Apr 6, 2021, 3:17:09 PM4/6/21

to Brian Geffon, binar...@chromium.org, Alexei Svitkine, George Burgess

"slowpath_down_into_the_epilogueI won't find it surprising. From my anecdotal experience UNLIKELY ( which becomes __builtin_expect or equivalent) boils down to:

1. Change the branch instruction for architectures where the dynamic predictor is simple/limited and static prediction (e.g. assume untaken by default) still helps (maybe some ARM little cores unless you pass -mtune, not even sure about those)

2. Move all the unlikely code to the bottom of the function in the epilogue. This is really to improve cache hotness of the expectedly-taken side of the branch.

2 is what in my experience inflates the binary size, because the change from the codegen viewpoint is:

without likely/unlikely:

test register

bz hot_path

slow path instructions

hot_path:

hotpath instructions

With likely / unlikely

bz hot_path

jump slowpath_down_into_the_epilogue

hot_path:

hotpath instructions

...

/*At the end of the function*/

slowpath_down_into_the_epilogue:

slow path instructions

so each unlikely branch has an extra indirection layer (the jump slowpath_down_into_the_epilogue) + the actual code. Furthermore if the function body is large enough, on ARM ISAs the

"jump slowpath_down_into_the_epilogue" might involve more than one instruction, because the ability to do "direct jumps with immediate" within one instruction is quite limited (I don't recall the details, but the immediate part of a branch instruction has a very limited number of bits left for the immediate, which ARM tries to use in clever ways allowing to recombine them as multipliers and shifters but doesn't cover all possible cases). SO that jump becomes a "load a register" + "branch to register"

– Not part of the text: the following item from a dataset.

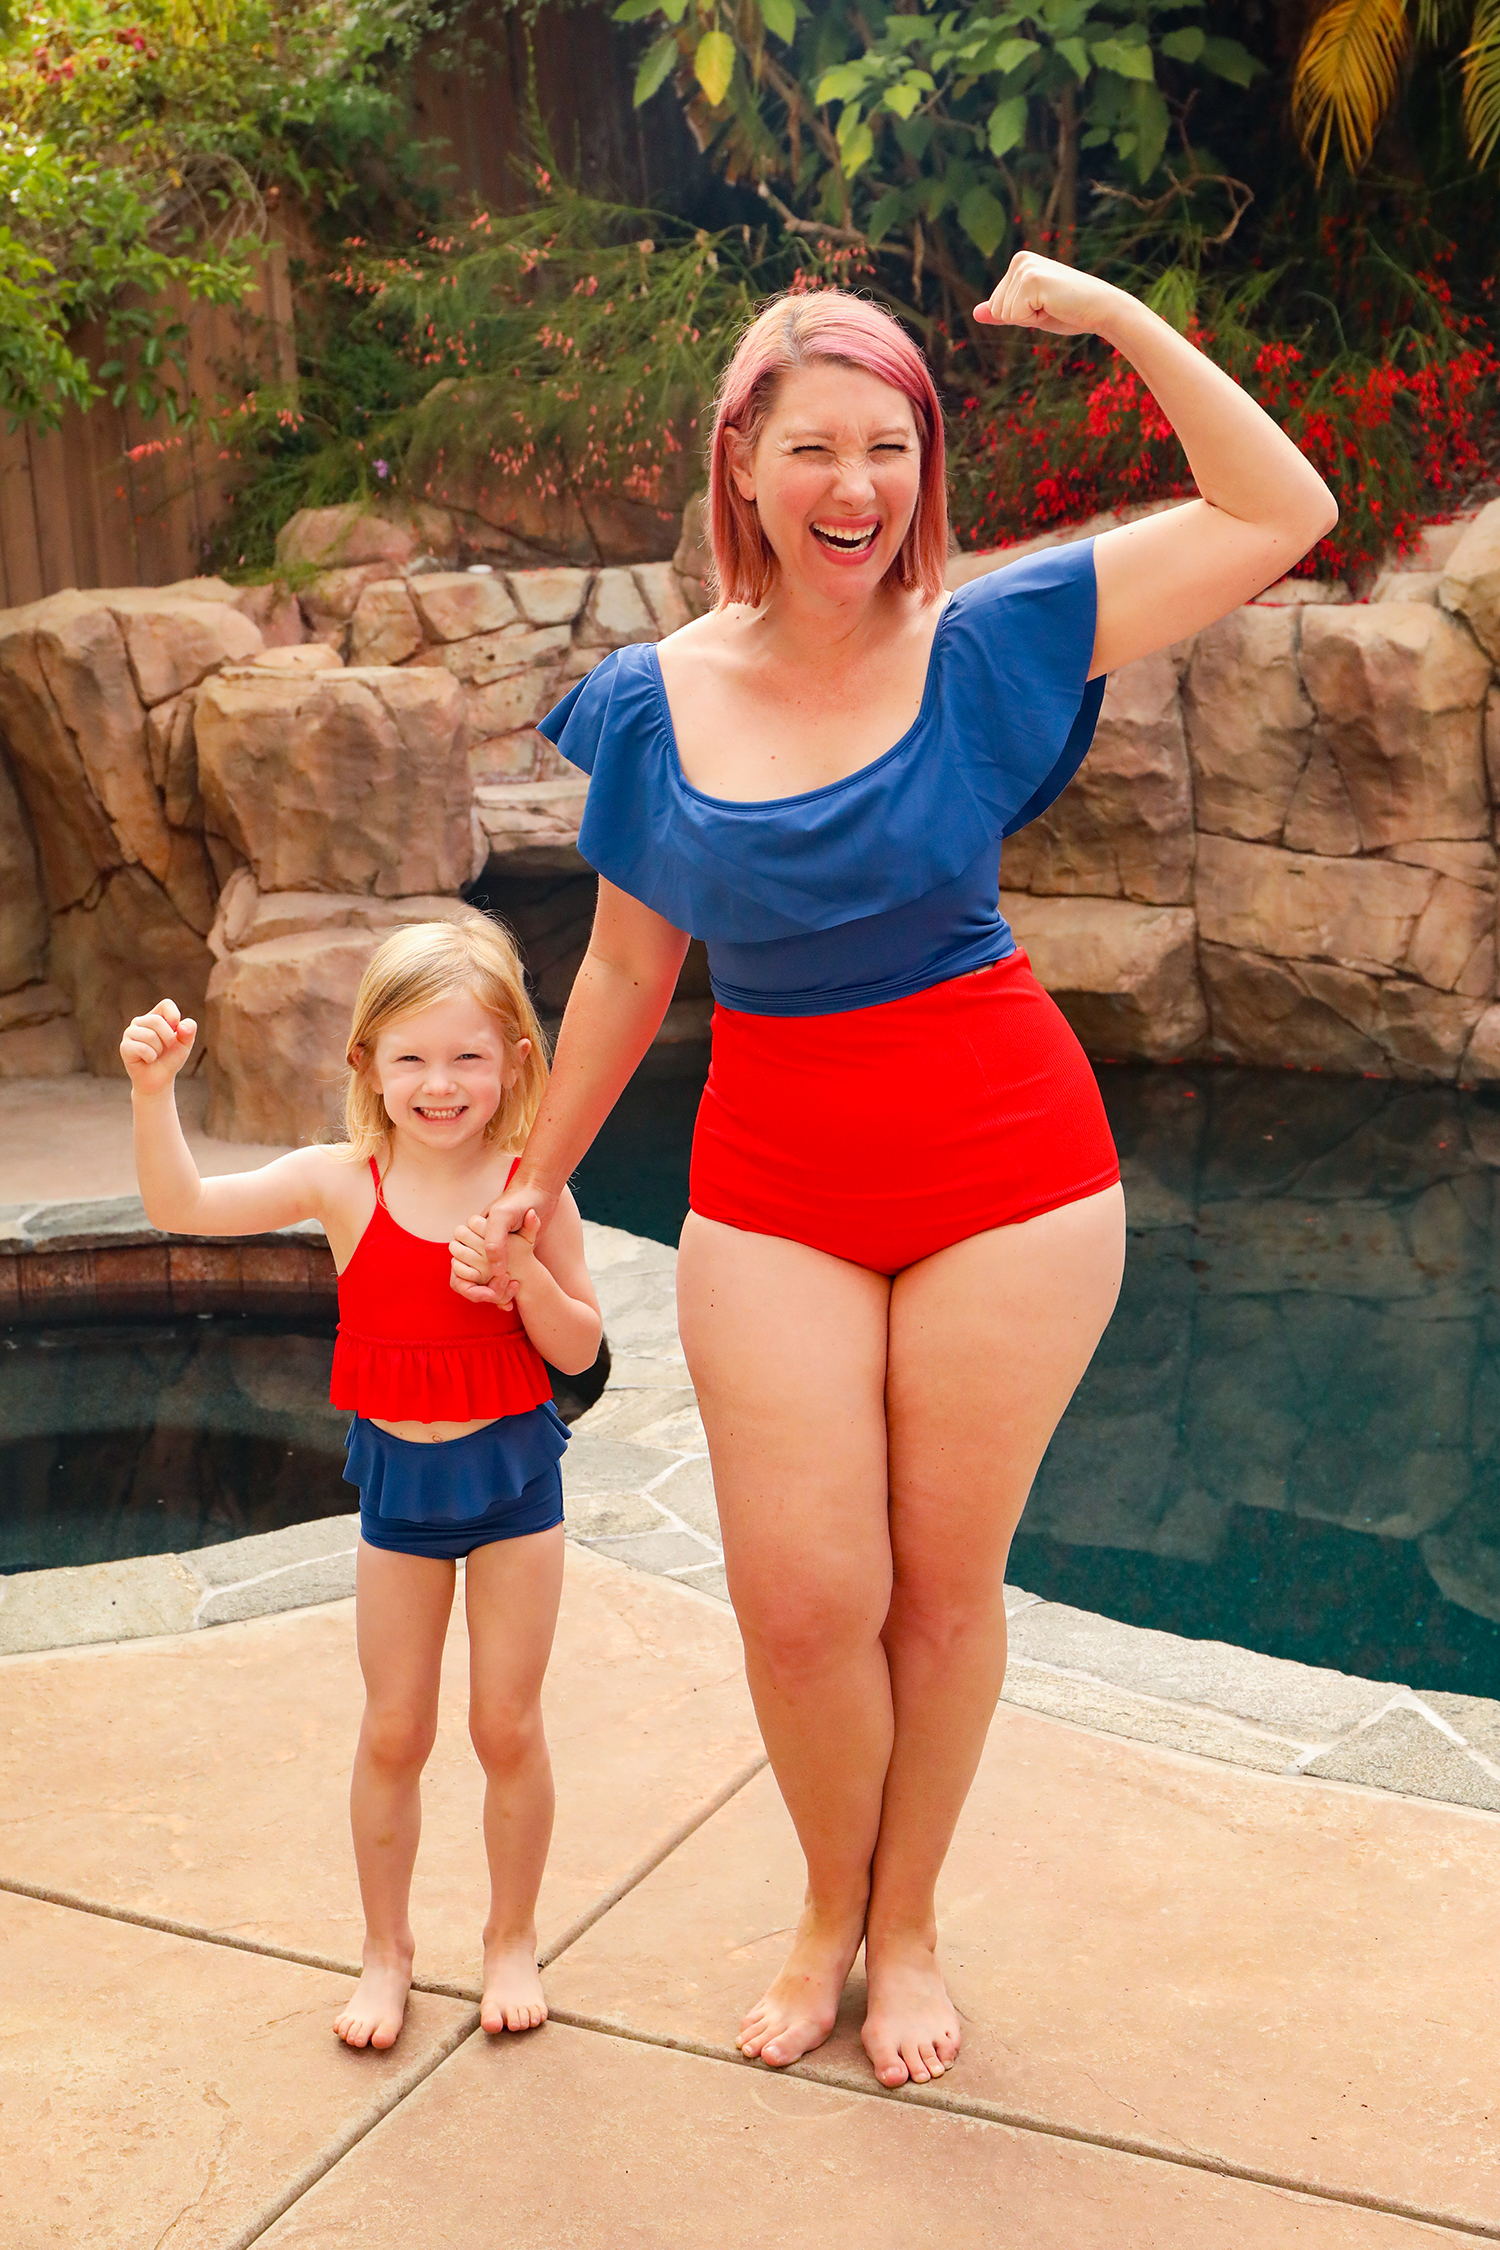 I'm OBSESSED with this two piece! It's one of the most flattering swimsuits for moms that I've found!

Then if for any reason you need to come back you have the same boilerplate to jump back.

--
You received this message because you are subscribed to the Google Groups "binary-size" group.
To unsubscribe from this group and stop receiving emails from it, send an email to binary-size...@chromium.org.
To view this discussion on the web visit https://groups.google.com/a/chromium.org/d/msgid/binary-size/CADyq12zSa2ac4gNrPWCvWLFY3CgKS3V_Gt_UUbiwA2gxigDrmg%40mail.gmail.com.

Primiano Tucci

unread,

Apr 6, 2021, 3:21:05 PM4/6/21

to Brian Geffon, binar...@chromium.org, Alexei Svitkine, George Burgess

Going back to the original question (Given how frequent this macro is embedded perhaps it's adding up. Are there any thoughts on this?) my main reaction would be:

how frequent are really these UMA histograms (in terms of being hit at runtime, not in terms of how used they are in the codebase).

My reasoning here would be:

1. If they are really that *hot* (say O(1k/second) or more), then the branch is only a tiny bit of what happens there. We should then look and hyper optimize the whole histogram bucket computation and anything else that happens when you hit a histogram.

2. If they are not that hot... does a branch hit/miss really matter either way?

George Burgess

unread,

Apr 6, 2021, 3:41:09 PM4/6/21

to Primiano Tucci, Brian Geffon, binar...@chromium.org, Alexei Svitkine

i agree with primiano@ about the likely causes; if we wanna dig deeper, i'd build A/B, point bloaty at the results, and maybe look at what changed in the functions with the largest size changes.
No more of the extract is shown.